DATA SECTION:
□ □ □ □ □

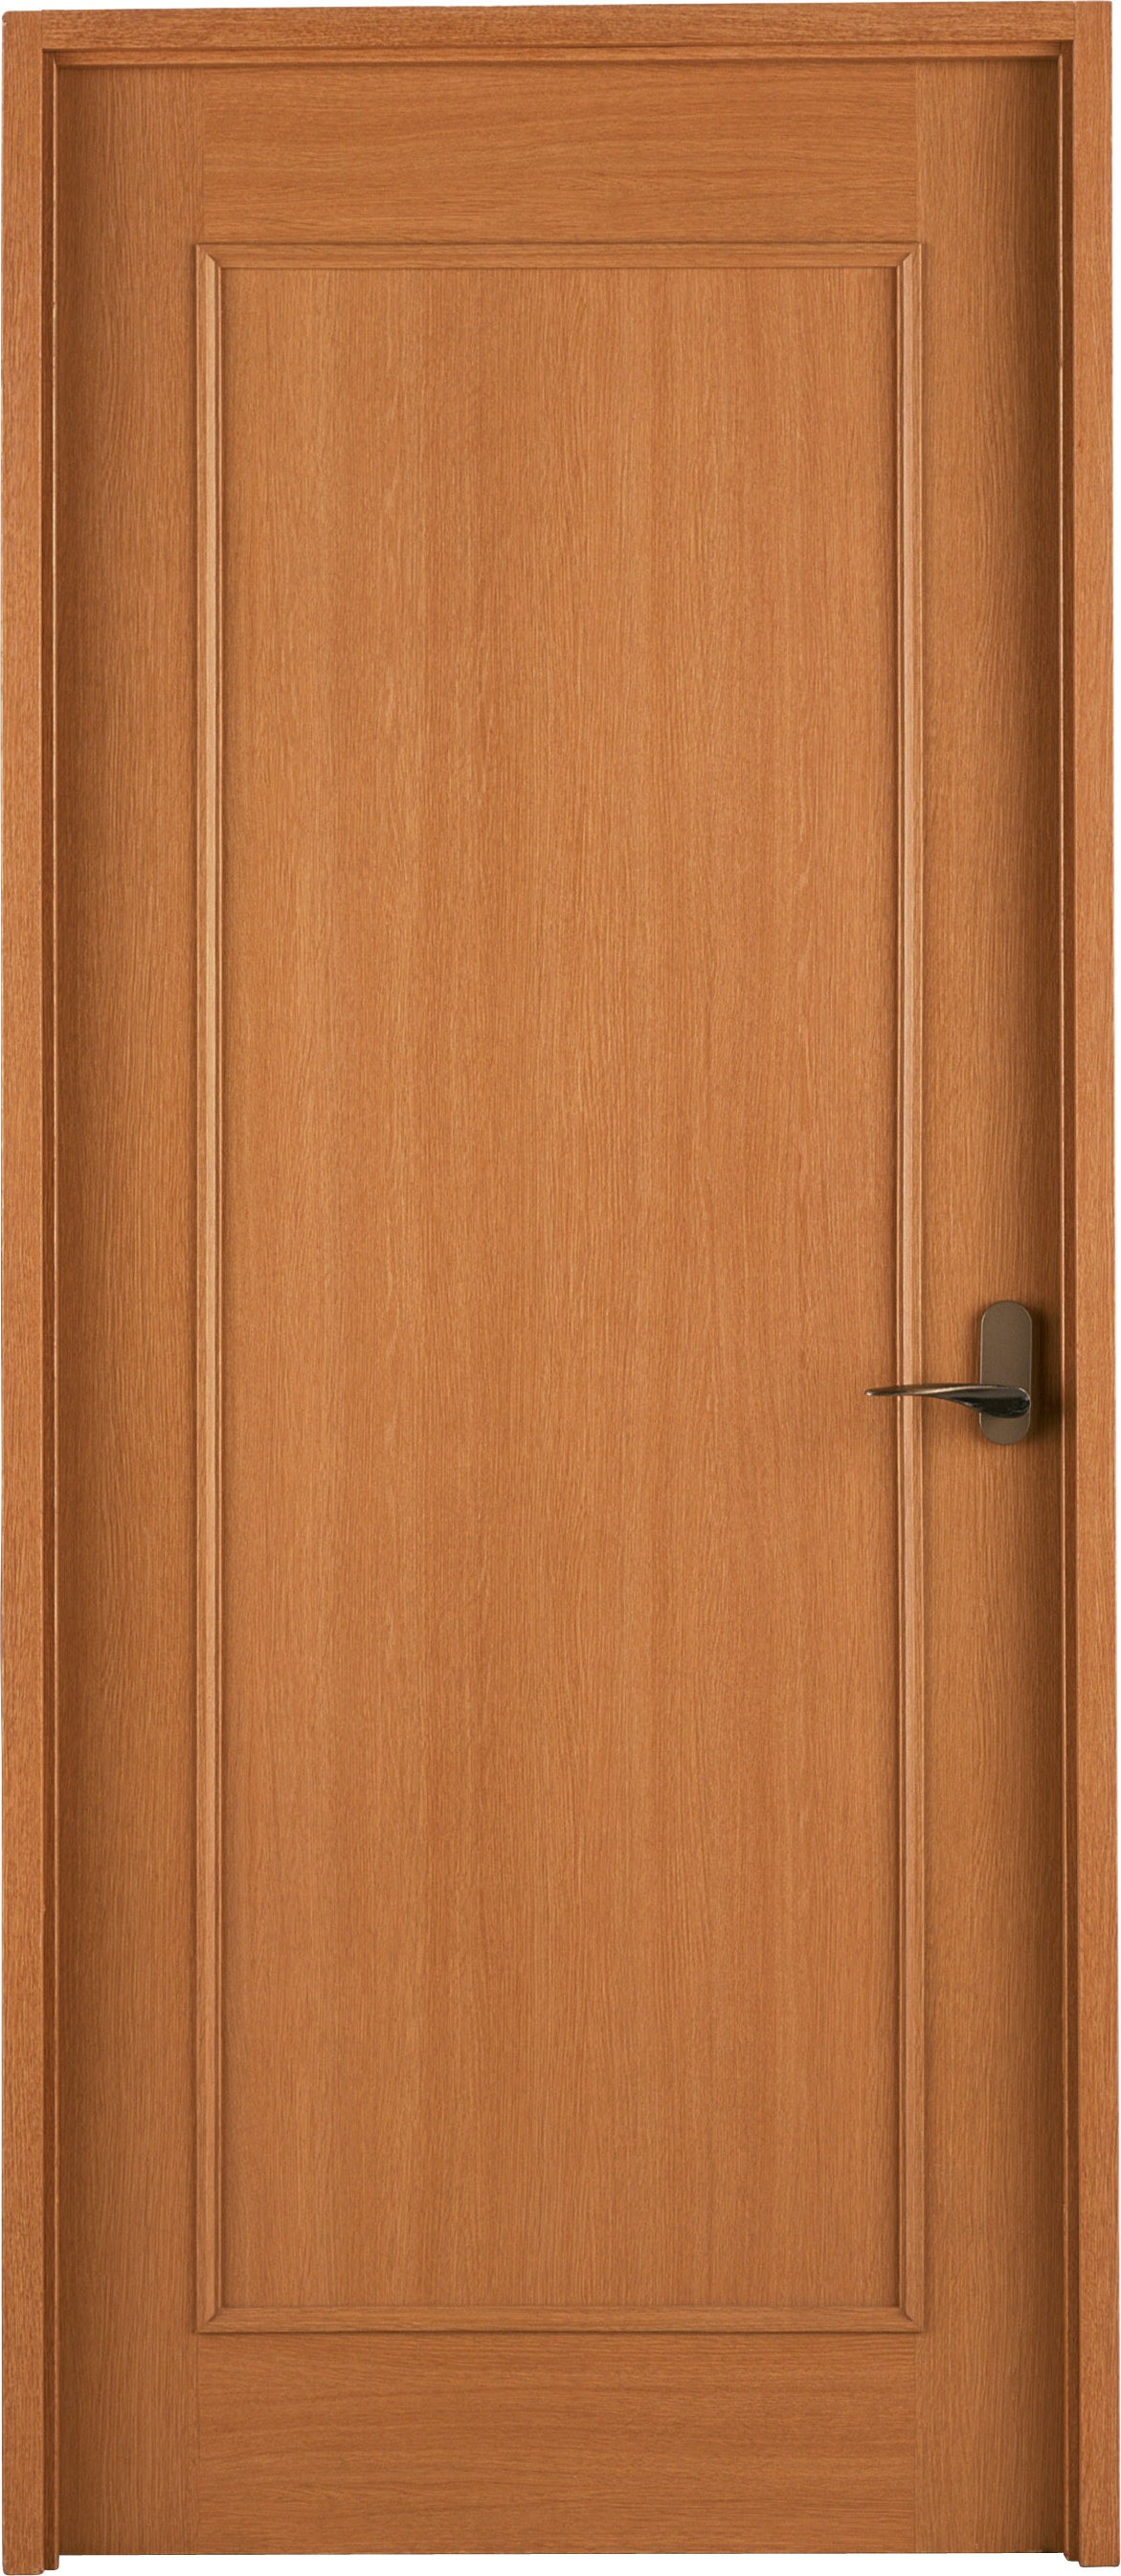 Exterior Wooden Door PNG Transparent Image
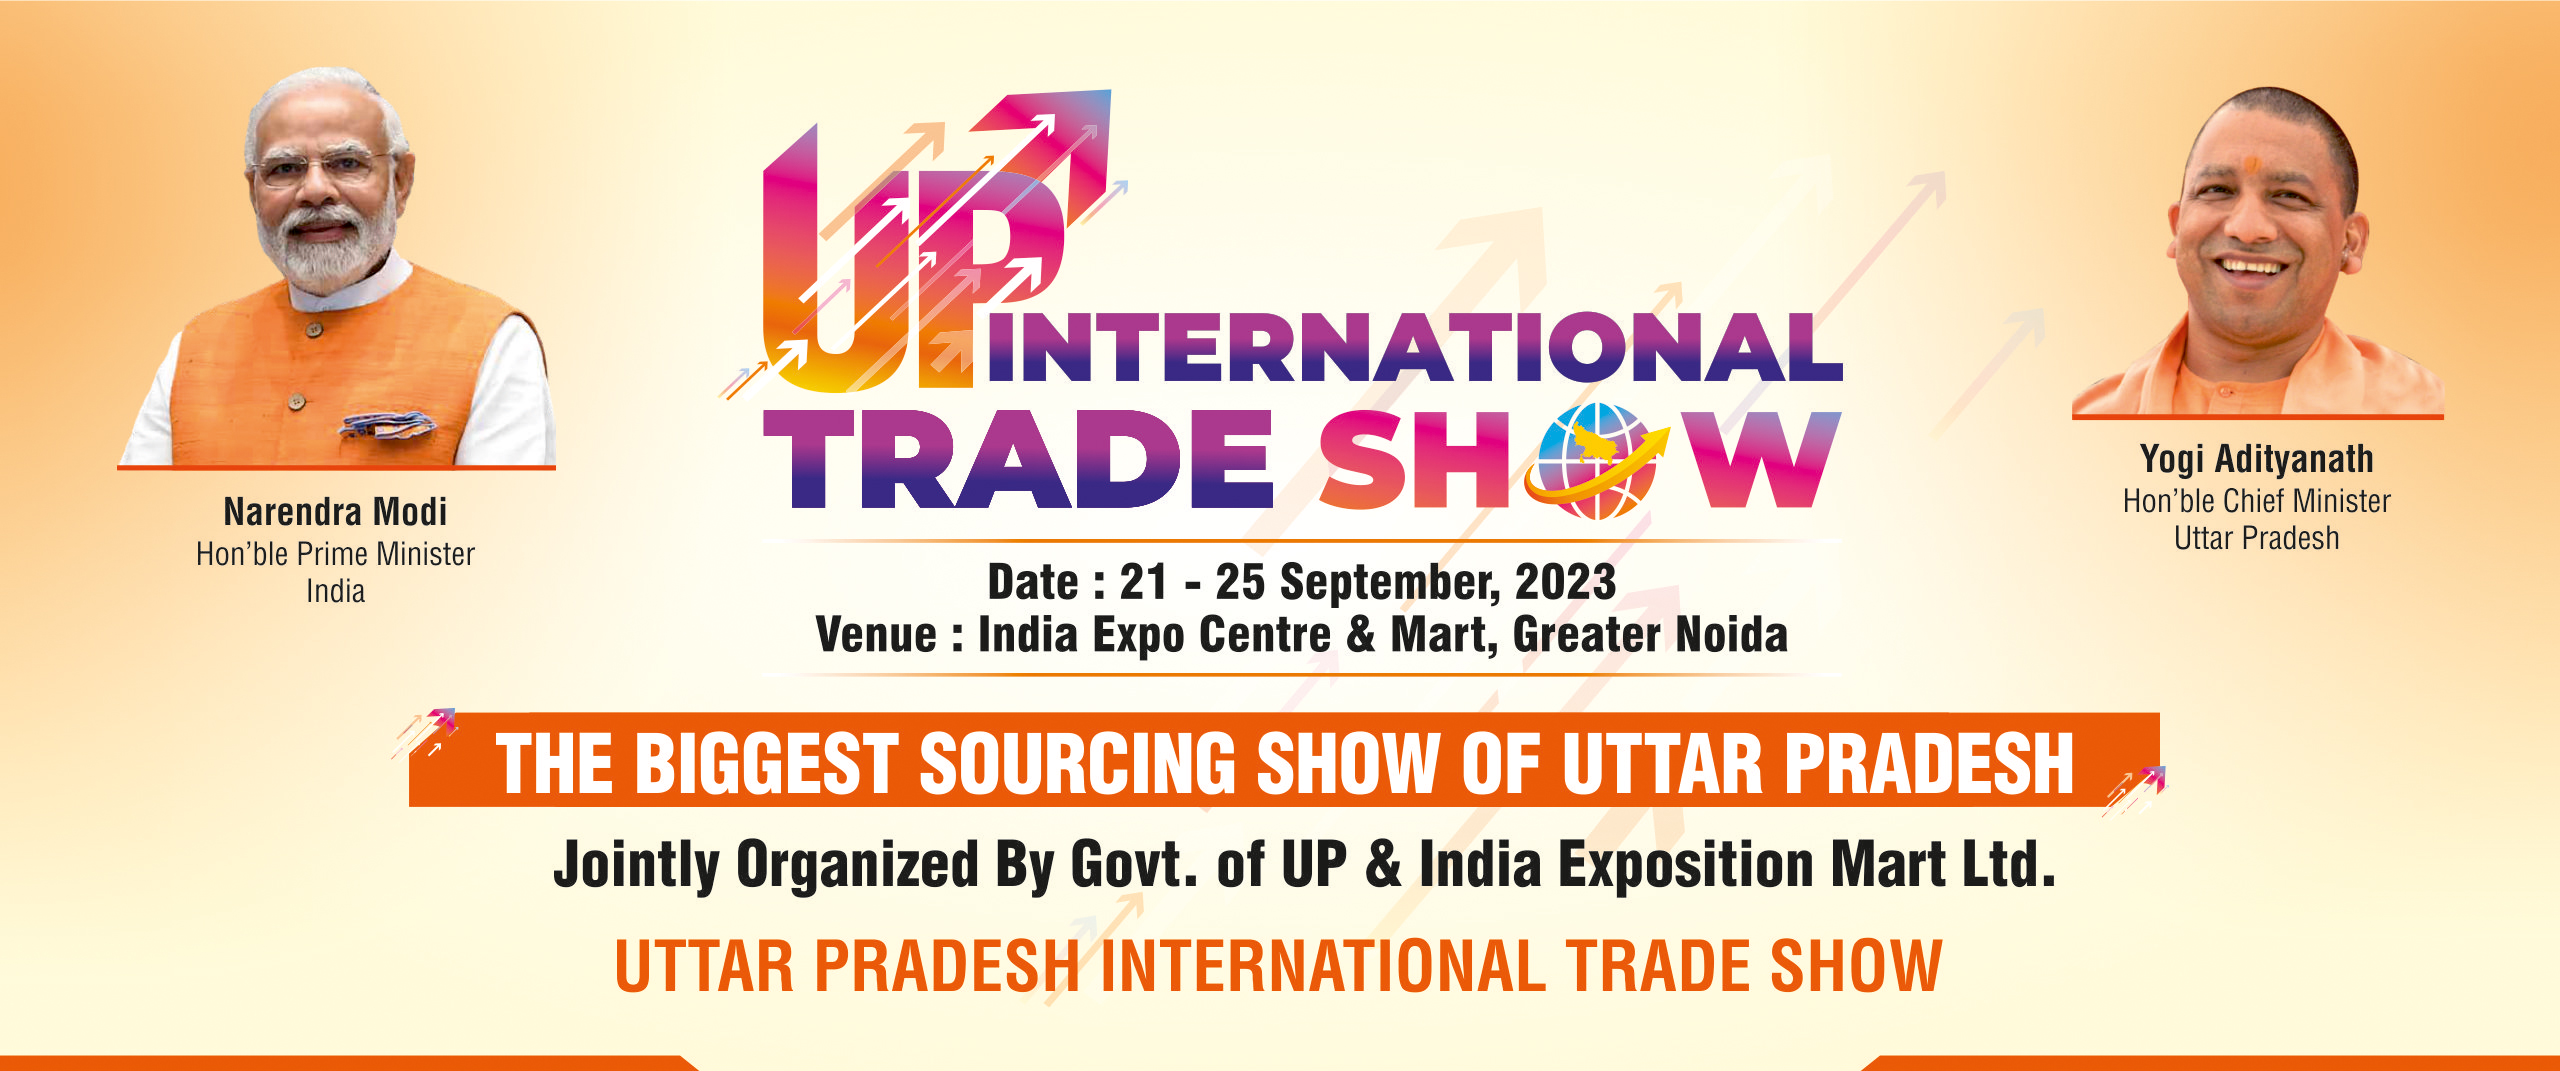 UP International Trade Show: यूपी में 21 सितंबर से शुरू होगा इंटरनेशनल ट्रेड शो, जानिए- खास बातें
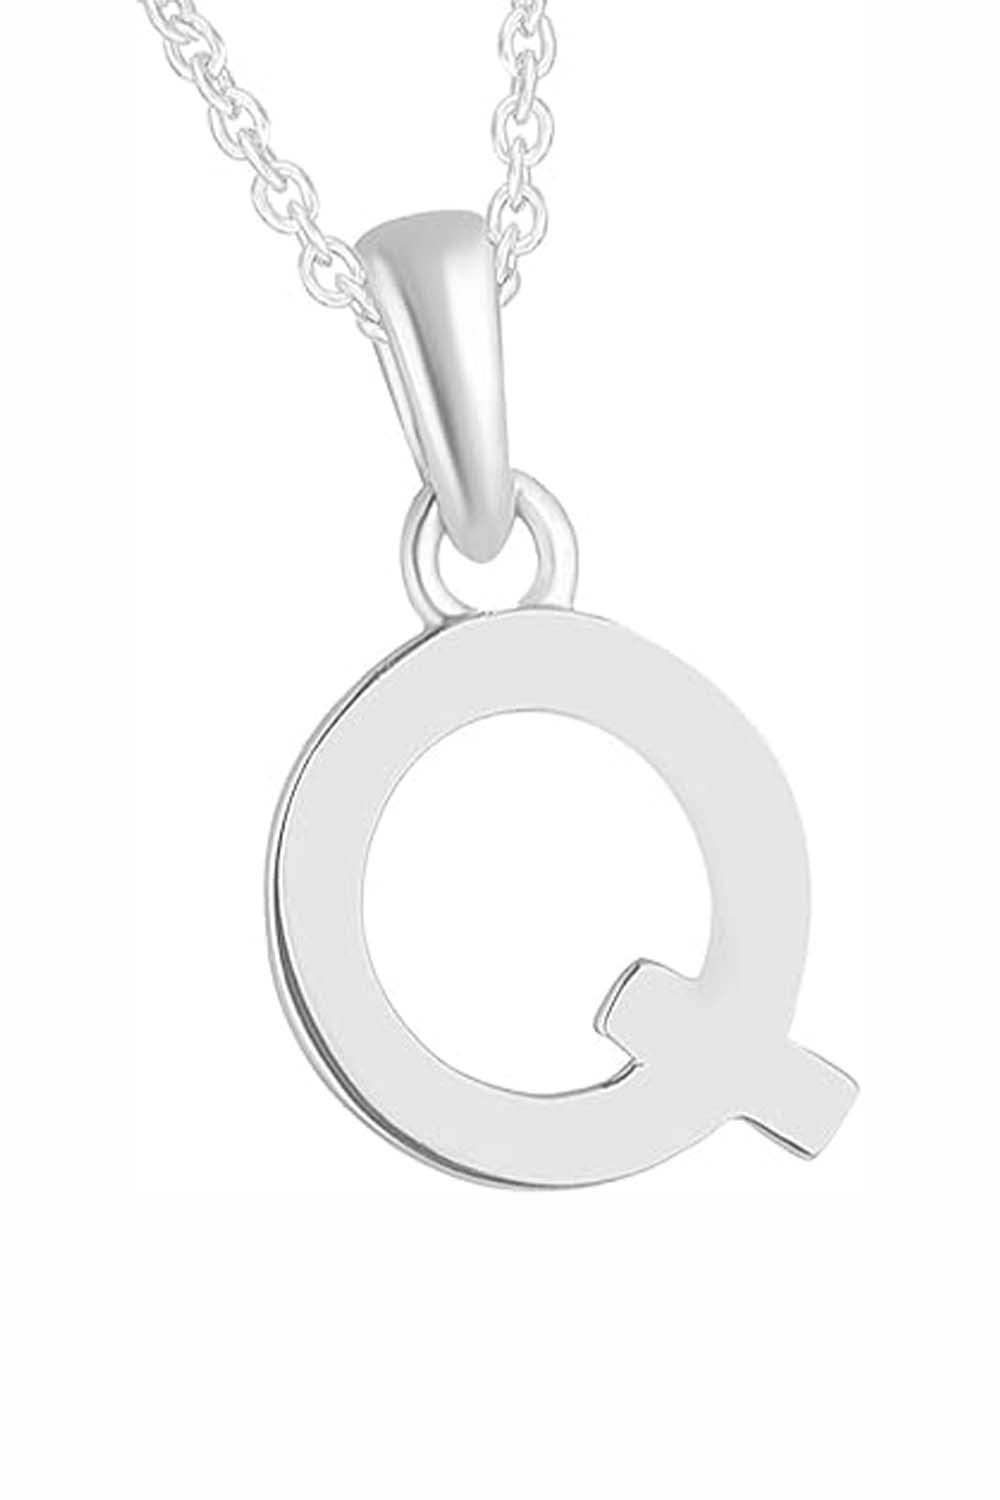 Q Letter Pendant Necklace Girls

□ □ □ □ □

PROBLEM STATEMENT: Nothing but the pictures should be left out when the material above is copied.

RESULT BELOW:
 Exterior Wooden Door PNG Transparent Image
 UP International Trade Show: यूपी में 21 सितंबर से शुरू होगा इंटरनेशनल ट्रेड शो, जानिए- खास बातें
 Q Letter Pendant Necklace Girls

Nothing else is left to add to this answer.